Adalah seorang abdi negara berseragam
coklat, penjaga ketertiban masyarakat, berkantor di bagian selatan ibukota
negara kita tercinta. Singkat kata, dia menjadi kabar berita seantero
nusantara.
Demikianlah, namanya terdengar sebagai
seorang yang sangat kaya raya. Jikalah dia seorang saudagar, masyarakat
tentulah mengerti dan mahfum adanya. Tapi dengan pekerjaan sebagai abdi negara,
harta yang beraneka rupa itu pastinya membuat mulut pemirsa dan pembaca
ternganga.
Lihatlah ragam harta kekayaannya, hiasan
dunia yang tak ada artinya dihadapan Sang Kuasa ; Tanah di antero pulau Jawa, 28 rumah mewah, 4
mobil mewah, 6 kendaraan angkutan, 3 SPBU, kebun binatang seluas 90 hektar, 3
apartemen... Yang jika dinilai dengan mata uang akan menjadi sekira 100 milyar
jumlahnya.
Lalu, apakah kata kita terhadapnya?
Hebatkah ia, karena betapa kaya rayanya?

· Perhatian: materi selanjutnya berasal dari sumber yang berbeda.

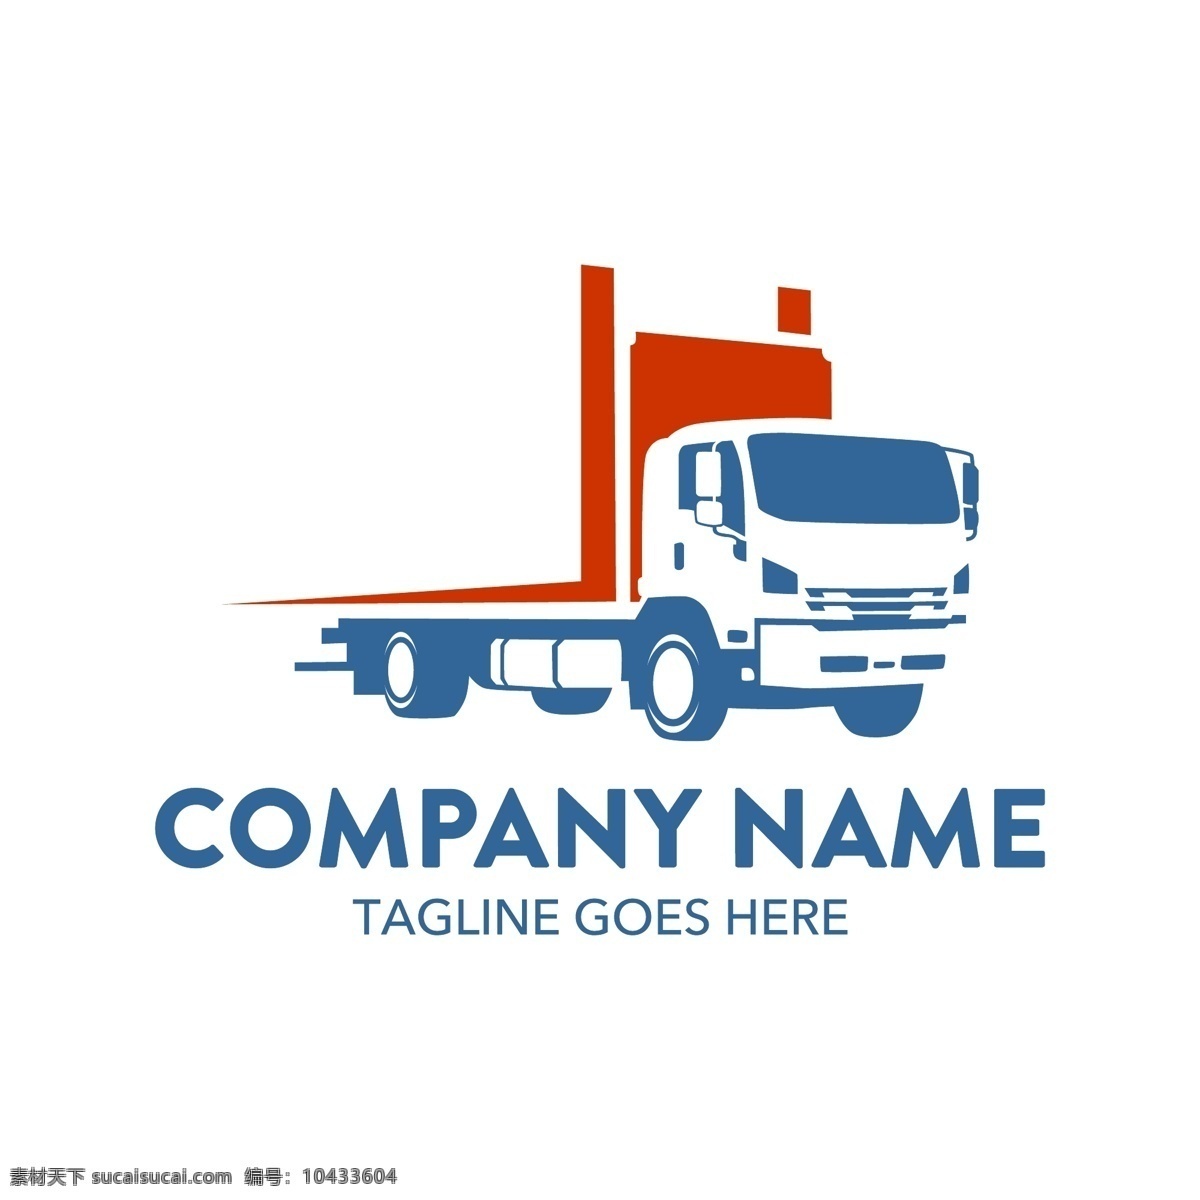 搬家公司 图形 logo 创意 广告 标志 汽车 矢量素材 简约 宣传 设计素材

Pandaikah ia, oleh sebab lihainya
mengutip uang lalu menyimpannya dalam berbagai bentuk, padahal ia pasti tahu
itu bukan haknya? Atau maklum sajalah, bukankah laku seperti itu sudah jamak
adanya di negeri kita, hanya saja dia sedang kejatuhan sial, sehingga cepat
terkuak adanya...
Mungkin kita lupa tentang satu rasa. Iba.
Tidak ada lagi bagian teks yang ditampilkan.